The Fitnet``modular monolith application runs on port `:8080. Please navigate to http://localhost:8080 in your browser or http://localhost:8080/swagger/index.html to explore the API.

The Contracts microservice runs on port :8081. Please navigate to http://localhost:8081 in your browser or http://localhost:8081/swagger/index.html to explore the API.

That’s it! You should now be able to run the application using either one of the above. 👍

Building and debugging code in Rider IDE

Before you build or debug code in Rider or Visual Studio IDE, you first have to provide your user name and previously generated PAT for artifactory to download packages for Common which is a part of this repository. When you load the solution, your IDE should request the credentials:

  • Rider:

rider nuget feed credentials request
  • Visual Studio:

vs nuget feed credentials request

In case of any issues, you can add nuget feed manually:

  • Rider

    1. Open JetBrains Rider, right click on the solution in the solution explorer and click Manage NuGet Packages.

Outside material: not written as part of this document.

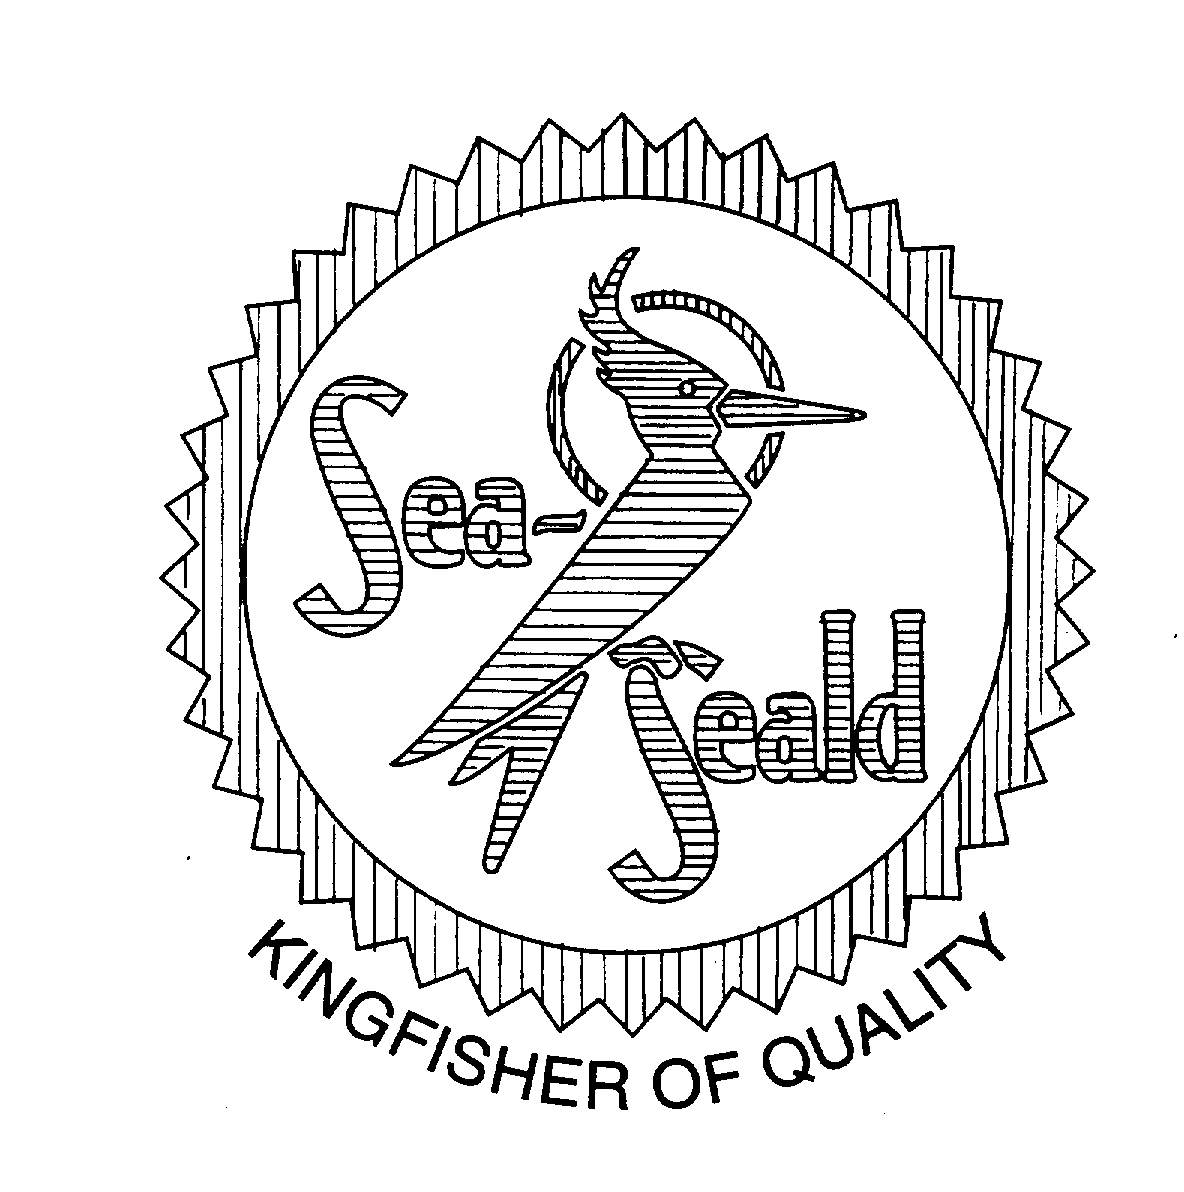  SEA-SEALD KINGFISHER OF QUALITY

    2. Click on the Sources tab.

    3. Click the + button to add a new package source.

    4. In the Add Package Source window, provide Artifactory URL in the https://nuget.pkg.github.com/evolutionary-architecture/index.json, fill your Github Username and PAT.

    5. Click OK to confirm the new package source.

    6. Make sure your new package source is enabled and then click OK to close the Settings window.

    7. You sould be promted for user name and password (PAT).

  • Visual Studio

    1. Open Microsoft Visual Studio, right click on the solution in the solution explorer and click Manage NuGet Packages for Solution.

    2. Click on the gears icon.

    3. Click the + button to add a new package source.

    4. Set the package name and se the source to Artifactory URL https://nuget.pkg.github.com/evolutionary-architecture/index.json.

    5. You sould be promted for user name and password (PAT).

    6. Click OK to confirm the new package source.

You should now be able to restore and download the EvolutionaryArchitecture nuget packages from your Artifactory source within Rider.

Note

The provided instruction is primarily intended for JetBrains Rider. However, the procedure for adding a NuGet package source in alternative IDEs like Visual Studio is quite similar.

How to run Integration Tests?

Running integration tests for both the Fitnet Modular Monolith and Fitness.Contracts applications involves similar steps, as the testing setup for both projects. To run the integration tests for project, you can use either the command:

dotnet test

or the IDE test Explorer.

These tests are written using xUnit and require Docker to be running as they use test containers package to run PostgresSQL in a Docker container during testing. Therefore, make sure to have Docker running before executing the integration tests.